# Can't install local apks?!



## jeraspie28 (Jul 5, 2011)

Ok, so I've been running CM7 GB for a while now and I noticed in the past few days that I can't install local .apk files. I would consider myself a fairly advanced user meaning I know about the whole 'Unknown Sources' and 'USB Debugging' thing.

For example, I download an apk to my sdcard or click on an existing one I have saved on my sd card and I get the permissions page..."Do you want to install this application?" with the Install and Cancel buttons at the bottom...I tap on Install and nothing....I mean no response...no error...no change in button color. All I can do is click cancel.

Does anyone know what the deal is with this or encountered it before?

The only way I can install an apk (besides the Market) is to connect to USB and use a program like DroidExplorer or AndroidMaster to install. I'm sure I could use adb to install also but that's not the point..

Why can't I click on the Install button?

Thanks for your help...


----------



## jeraspie28 (Jul 5, 2011)

For those of you are curious or care, I think I narrowed down my issue with not being able the tap on Install when try to install apk files on my sd card..My closest guess, based on what I've done, is the program I was using, File Manager by Rhythm Software.

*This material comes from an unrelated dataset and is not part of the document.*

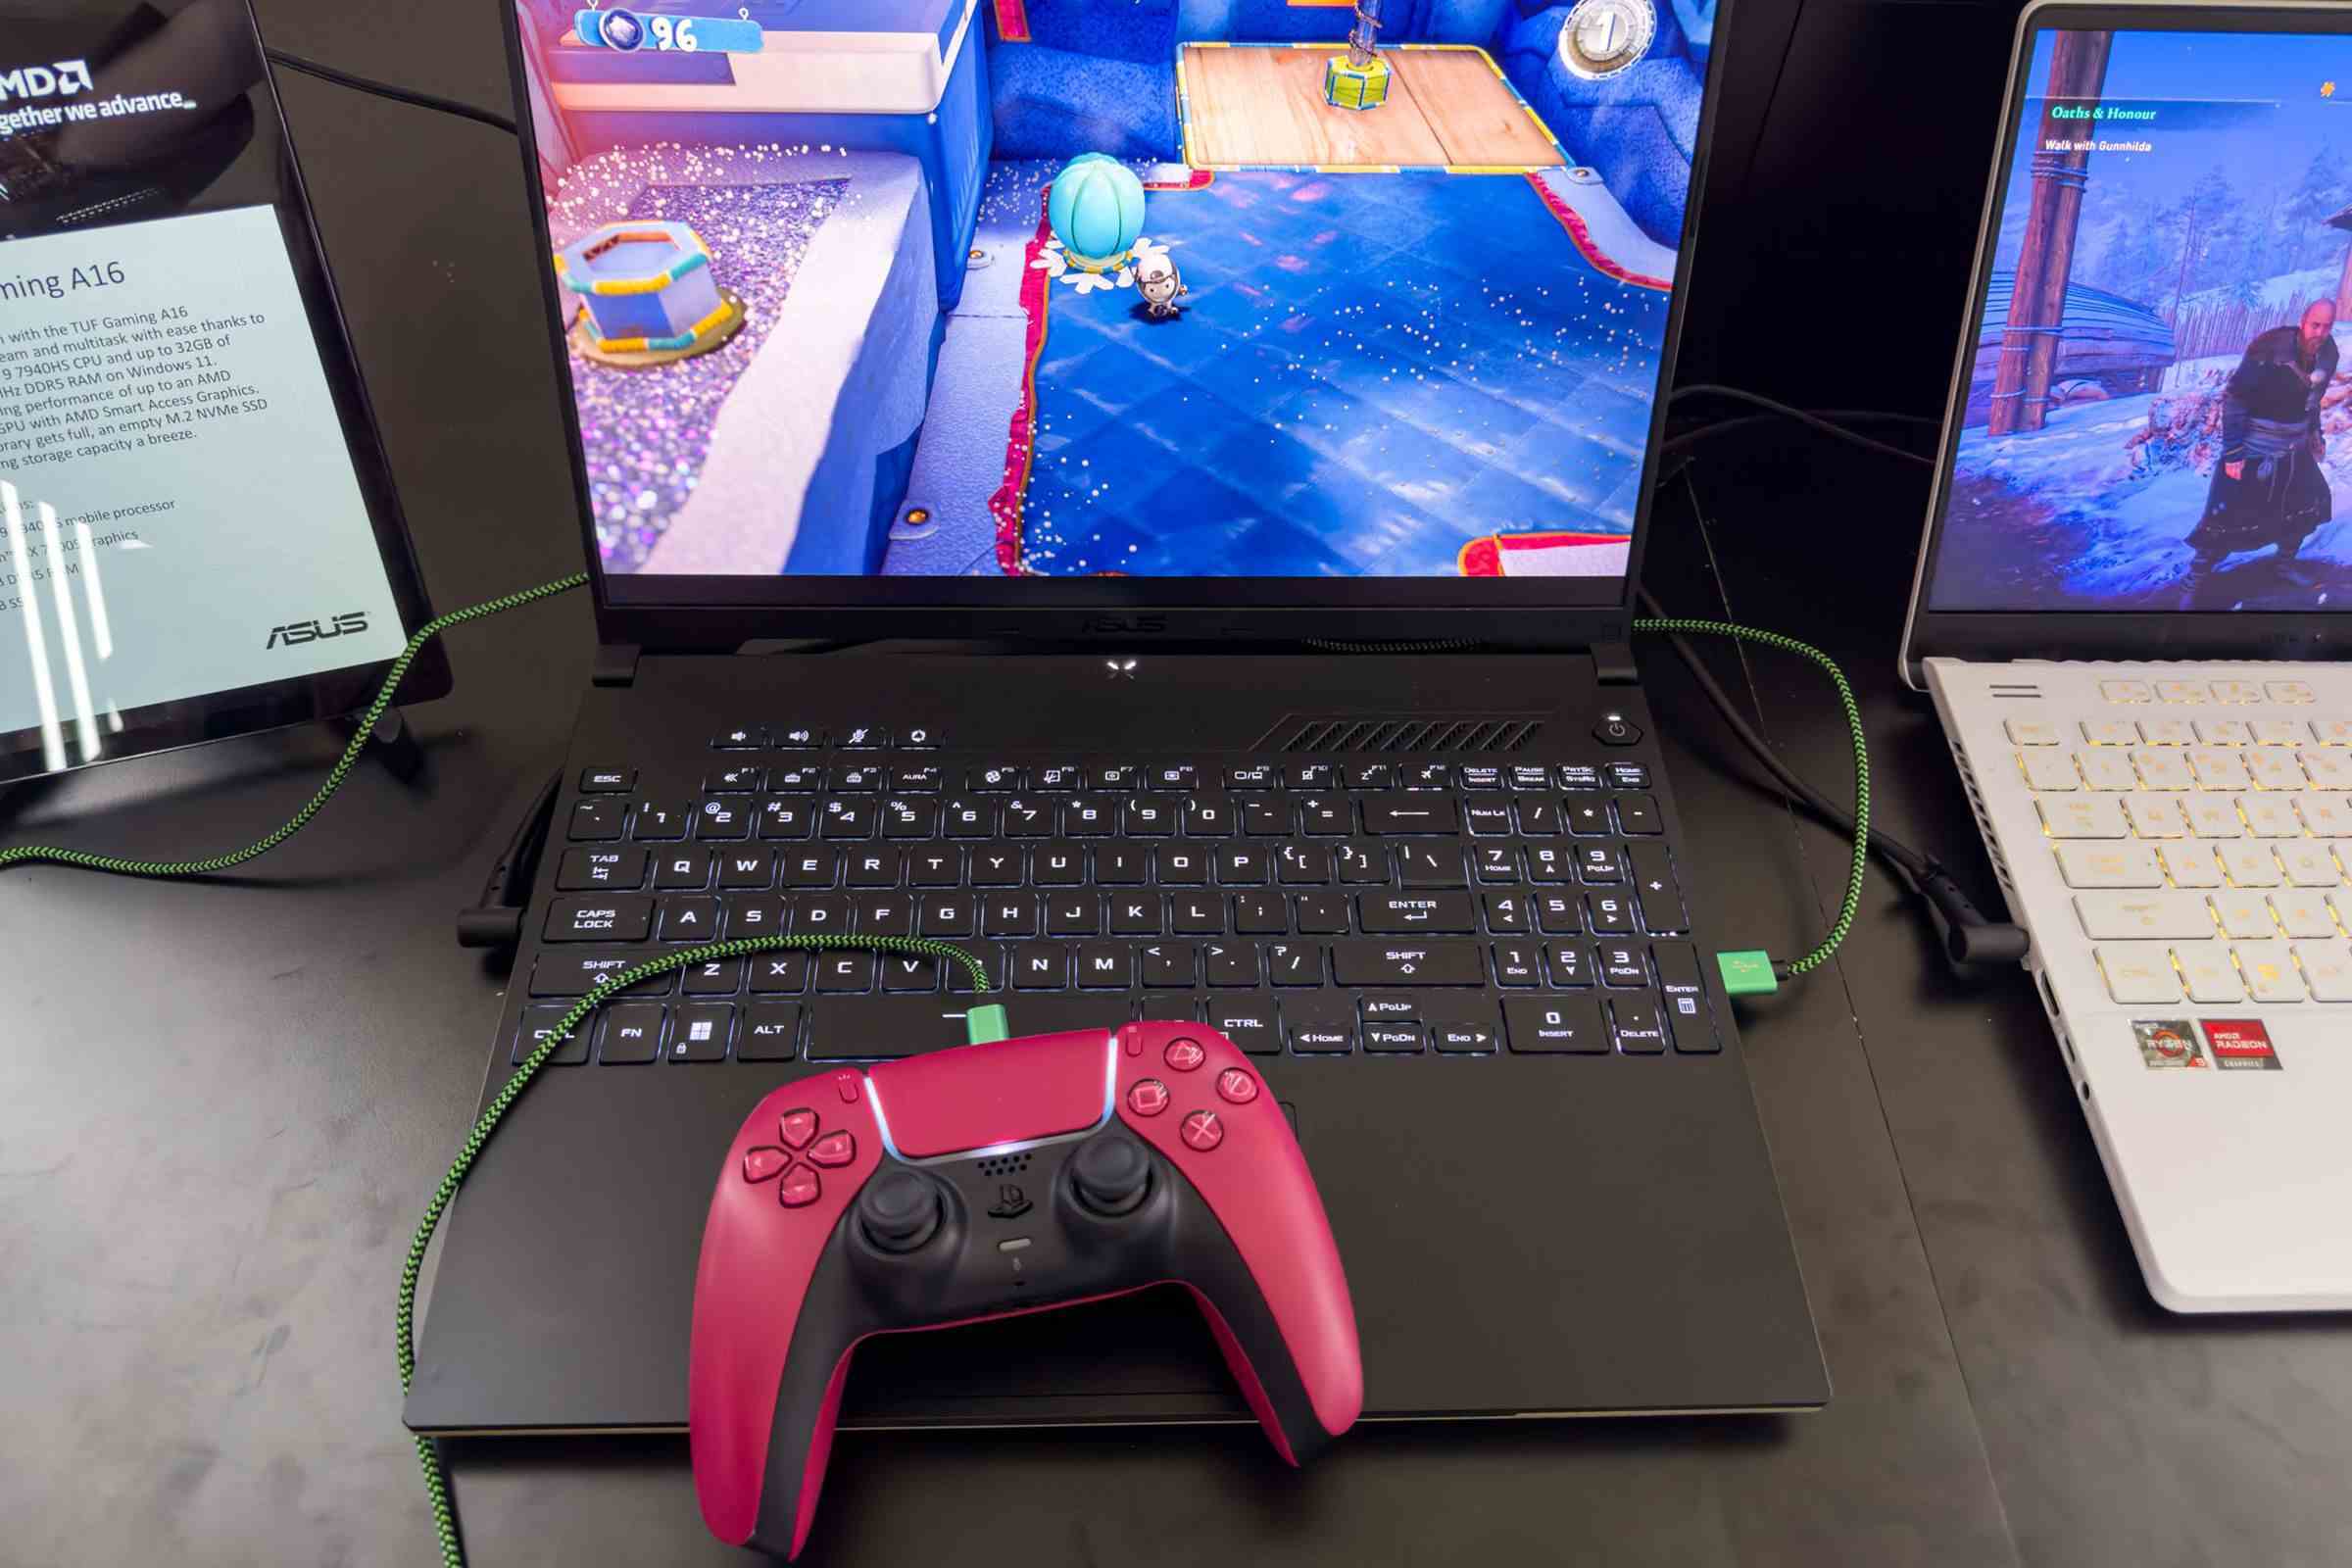 Asus TUF Gaming A16 klavye, dokunmatik yüzey üzerinde duran kırmızı bir PS5 kontrolcüsü ile yukarıdan görülüyor.

Nothing against Rhythm Software..honestly their Uninstaller is the only one I've ever used and highly recommend it..it just seems odd..

I sbf'ed all the way back to 340..no problems installing from stock file explorer....
Then installed the 340-602 file...still no problems clicking install...
Then went to 605...yep..no problems..
Then flashed the latest CM7 GB (121911) and used the file explorer I was using before...couldn't install..I even tried Root Explorer and since it did get to the Install screen, I thought it might be the installer package which is why I decided to sbf back in the first place.
Went back and flashed a few previous release of the CM7 GB build...same file manager couldn't install...
Finally, I went back to my old standby, ES File Explorer...haven't had any more problems on CM7 GB (121911) build..

Not quite a conclusive assumption on the software by any means..just wanted to see if anyone has experienced anything like this on other file explorers...


----------



## jeraspie28 (Jul 5, 2011)

Now I have no idea....it's still happening no matter how I try to install an apk. It must be the Package Installer?? After I flash a rom, it's fine for a while, then I can't tap on Install from the installer screen...It's driving me nuts!!


----------



## Nemo aeternamn (Aug 23, 2011)

have you tried using the terminal emulator on the phone? just typer
su
install /sdcard/location/theappyouwan.apk
that should install it... if not.. it might help figure out what going on


----------



## jeraspie28 (Jul 5, 2011)

AWESOME! That worked with a little modification.

First, I had to mount /system/app as r/w. Then, intall mnt/sdcard/app.apk /system/app.

Worked like a charm! I really appreciate your help!


----------